▶ _Exercise instructions_: An exact copy of the data is required; the images should not appear in it.

▶ _Data_:
⁂
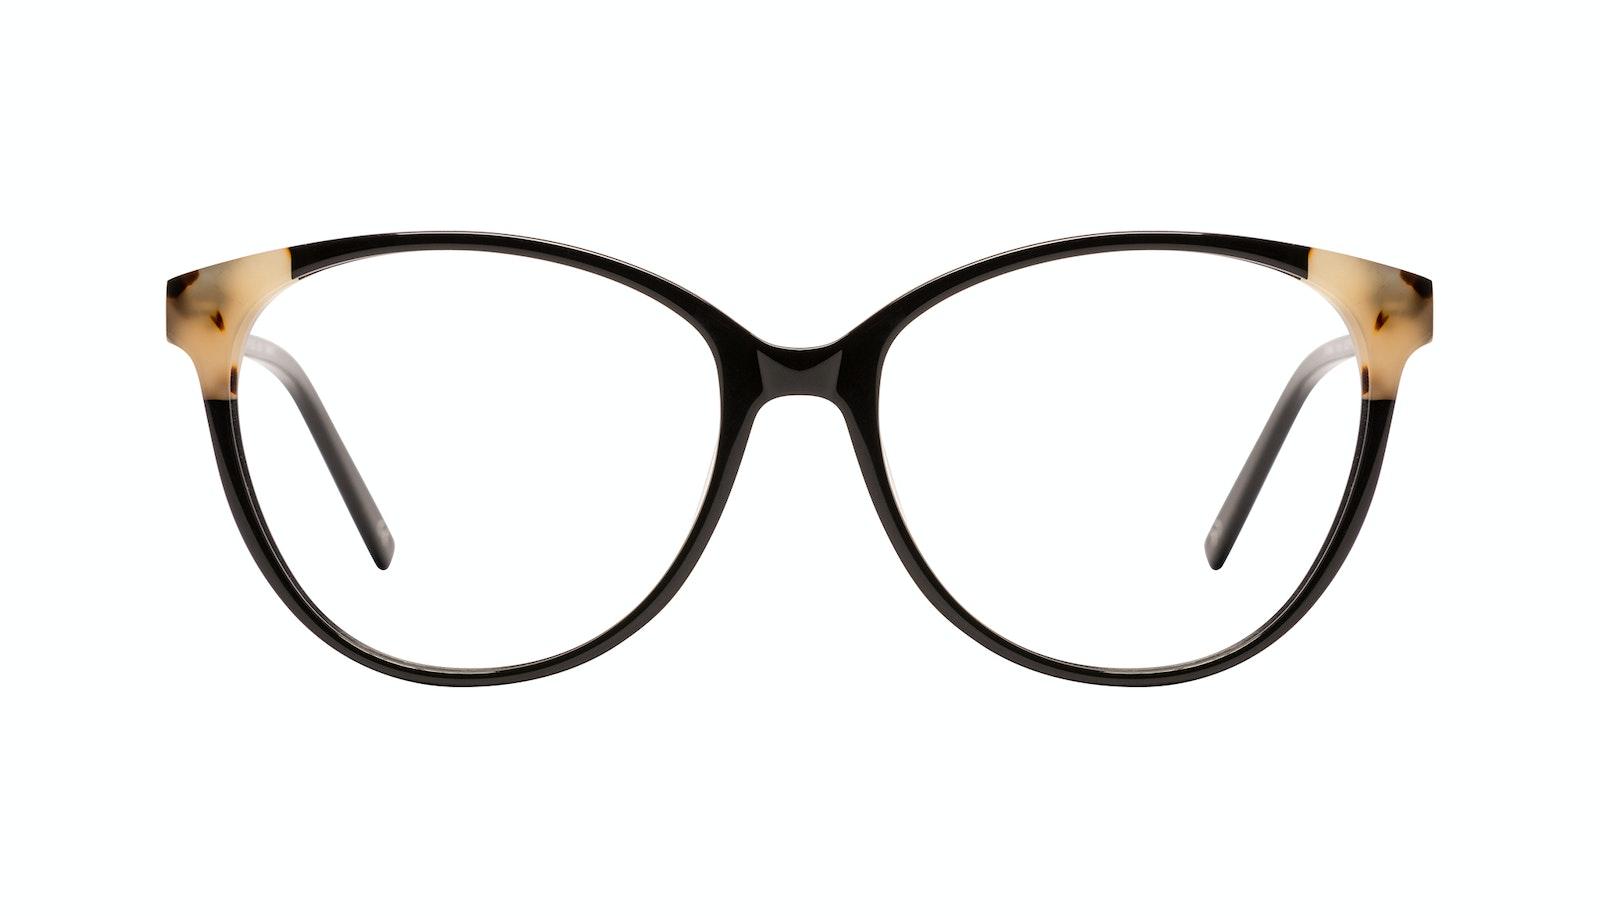 Affordable Fashion Glasses Round Eyeglasses Women Imagine II Plus Ebony Granite
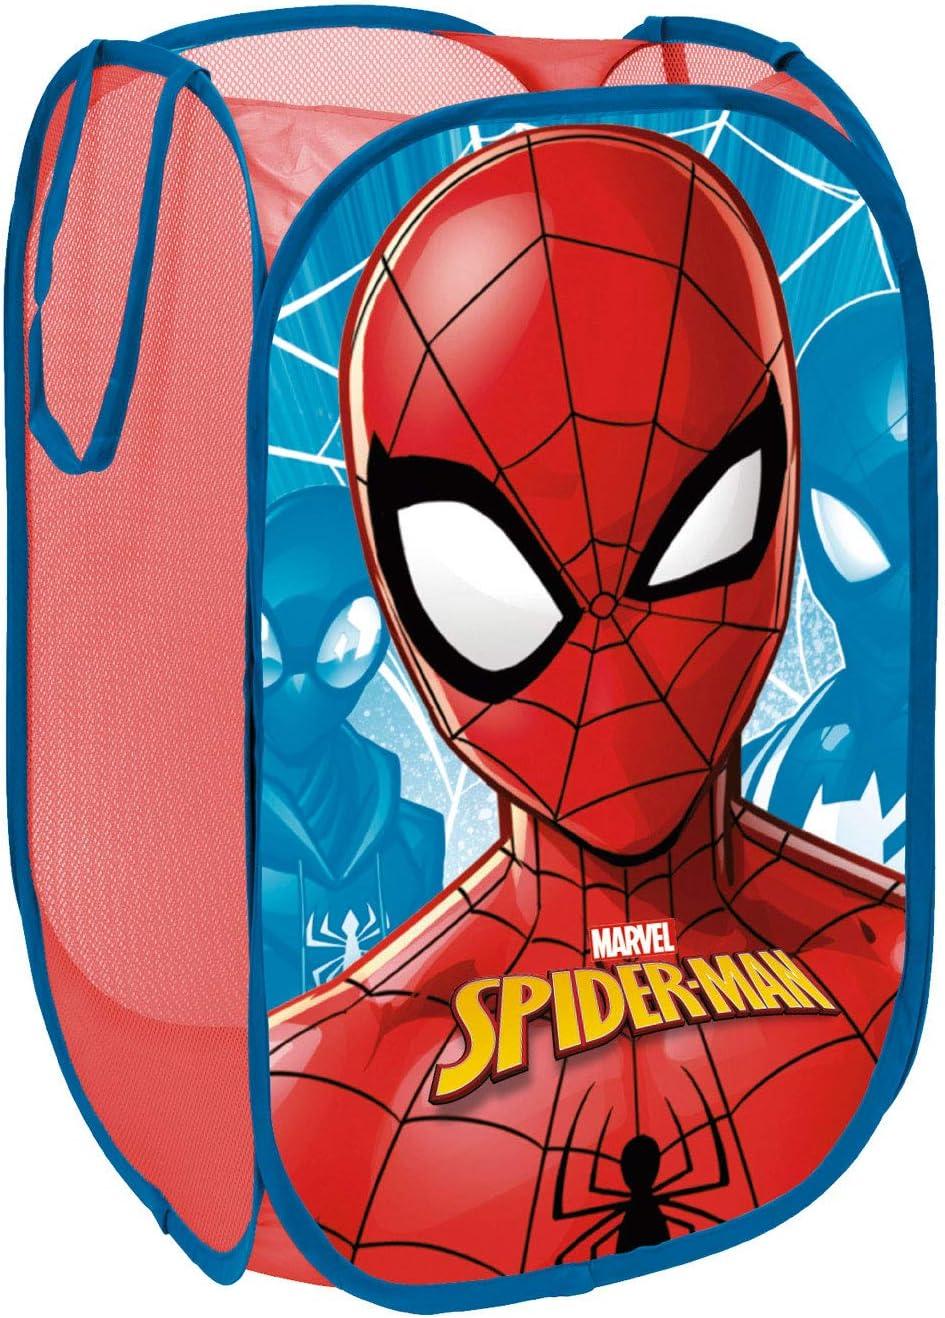 dise/ño Spiderman Arditex SM11589 Cesta pongotodo guarda juguetes
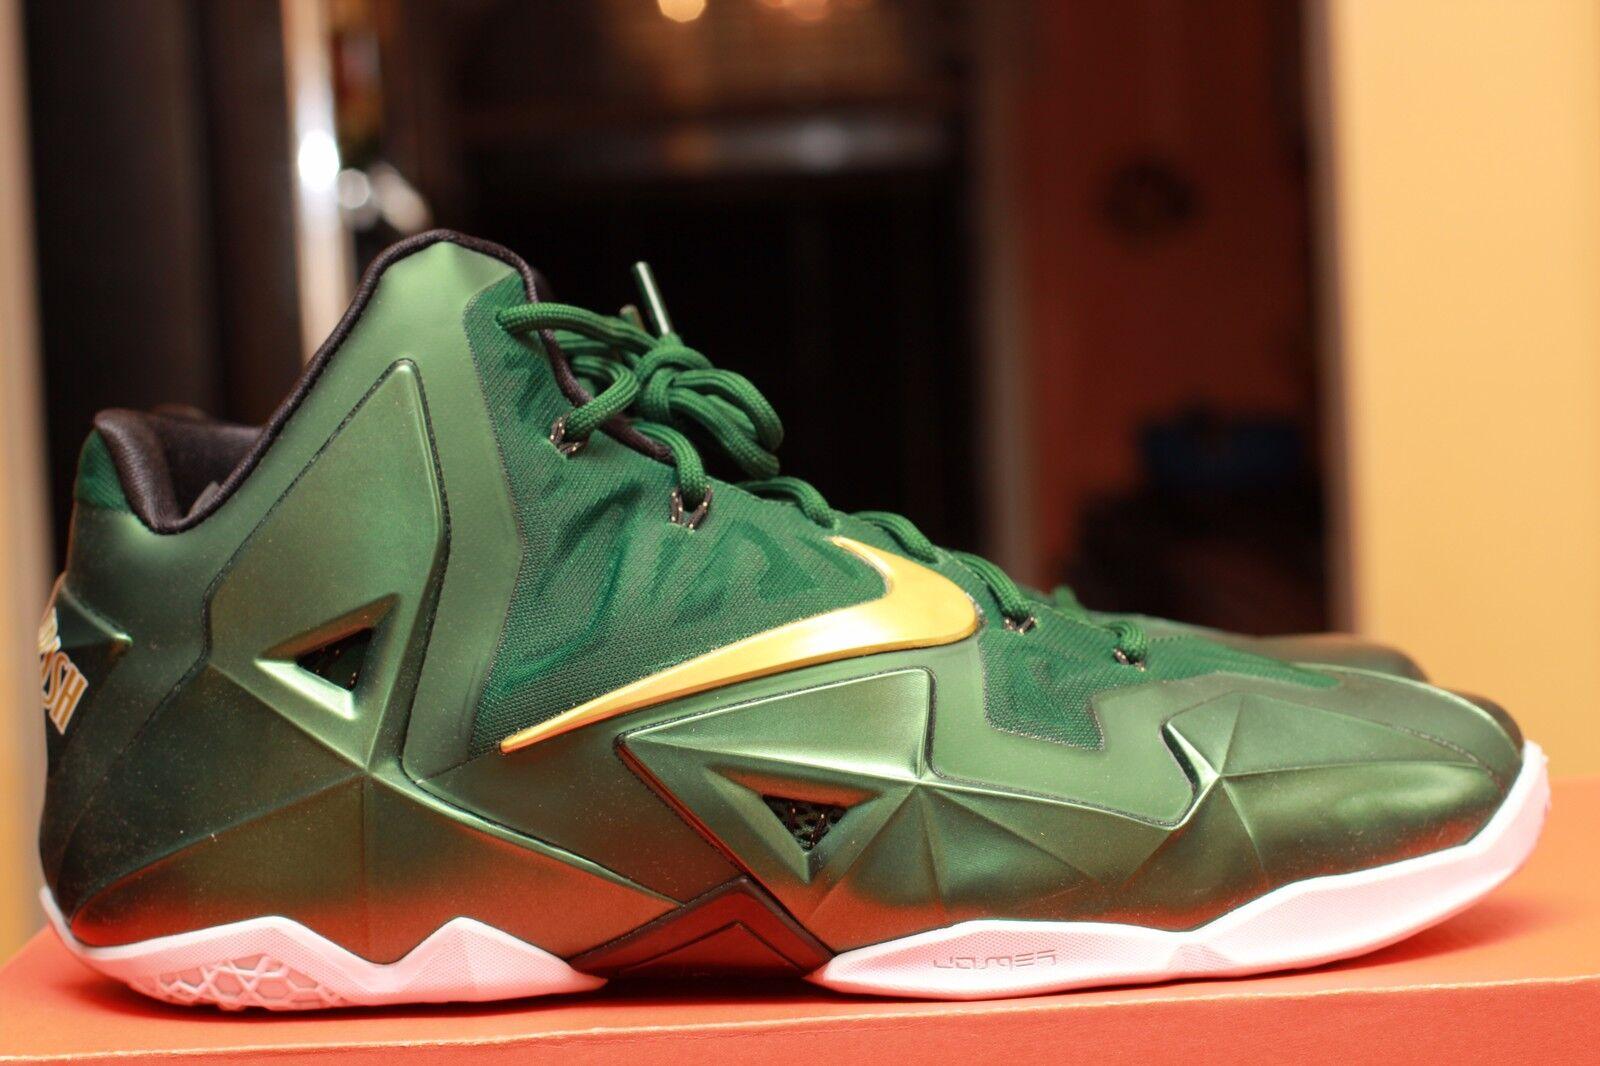 Nike LeBron XI 11 -  SVSM AWAY PE  Promo Sample 100% authentic
⁂
▶ _Response to this exercise_:
 Affordable Fashion Glasses Round Eyeglasses Women Imagine II Plus Ebony Granite
 dise/ño Spiderman Arditex SM11589 Cesta pongotodo guarda juguetes
 Nike LeBron XI 11 -  SVSM AWAY PE  Promo Sample 100% authentic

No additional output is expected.